Admissions scam sending CEO to jail
BOSTON — Most of the parents charged in the nation’s largest college admissions scandal were accused of paying to cheat on admissions exams or bribing coaches to get one child into college, or perhaps two.
But prosecutors said Douglas Hodge, retired CEO of bond giant Pimco, was in a different class, paying bribes to get no fewer than four of his seven children into elite schools and attempting to do so with a fifth child.
On Friday, a federal judge sentenced Hodge, who pleaded guilty to two counts — money laundering conspiracy and conspiracy to commit mail and wire fraud and honest services mail and wire fraud — to nine months in prison. It was the heaviest punishment for any parent who has been sentenced in the admissions scandal, though it fell considerably short of the two years that prosecutors had recommended.

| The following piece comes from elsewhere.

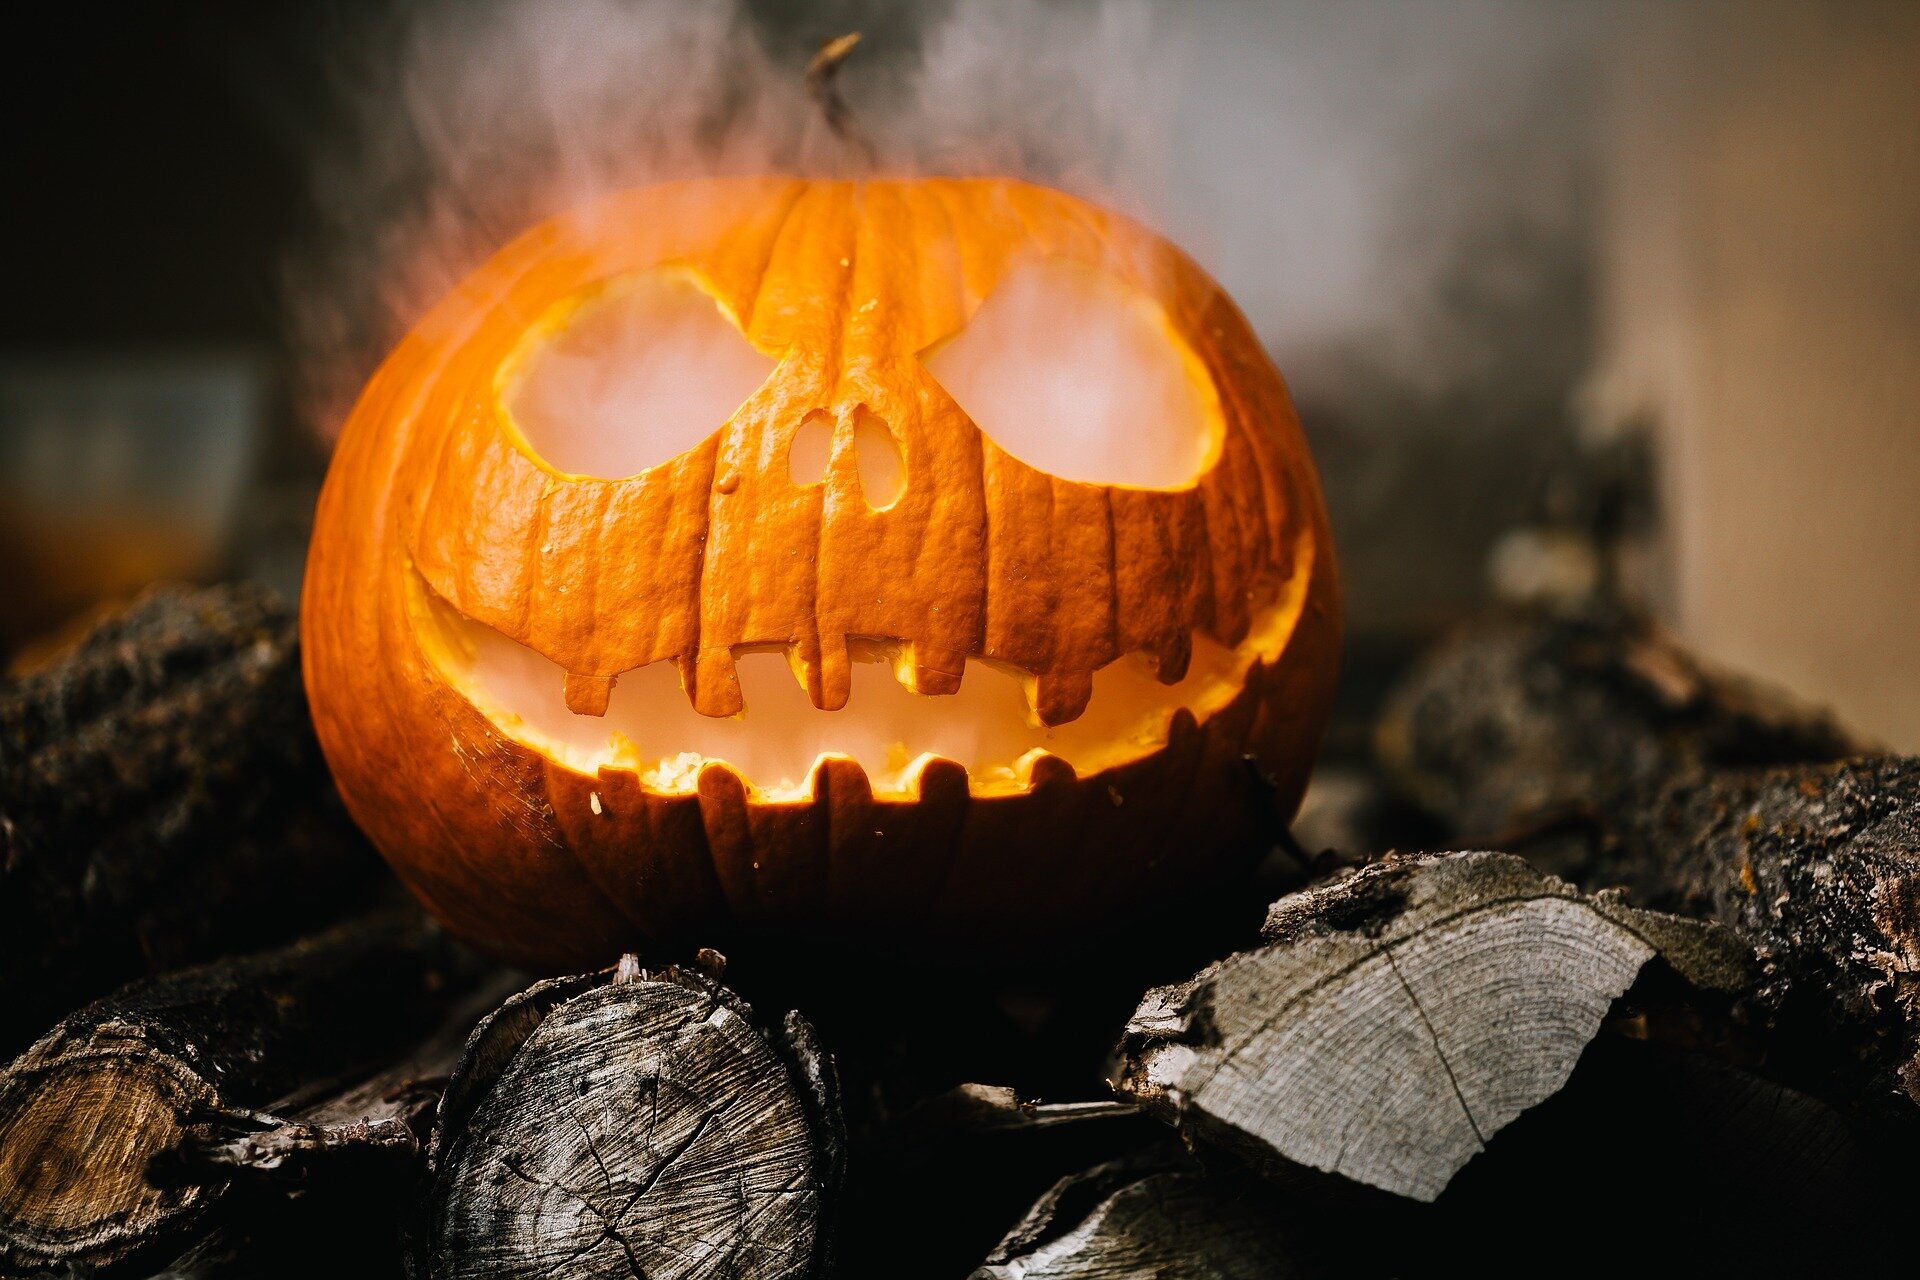 After October festivities, Illinoisans smash thousands of pumpkins to divert them from landfills, cut methane

The judge said that were it not for Hodge’s record of philanthropy and other good works, he would have sentenced him to more than a year in prison.
Twenty parents have pleaded guilty, and now 14 have been sentenced, with punishments for the other parents ranging from no prison time to six months behind bars. An additional 15 parents have pleaded not guilty.
Over more than a decade, prosecutors said, Hodge paid $850,000 in bribes — $325,000 to a Georgetown University tennis coach to have his eldest daughter and son admitted to that school as tennis recruits and $525,000 to have another daughter and son admitted to the University of
Southern California as recruits in soccer and football with fabricated qualifications.
At least three of Hodge’s children have already graduated from the schools they were admitted to. Prosecutors said three of Hodge’s children had gained some insight into the scheme when it was happening. Hodge and his lawyers said his children were unaware and not involved.
Hodge’s lawyers described how Hodge gave away more than $30 million to causes including charter schools in California and an orphanage in Cambodia.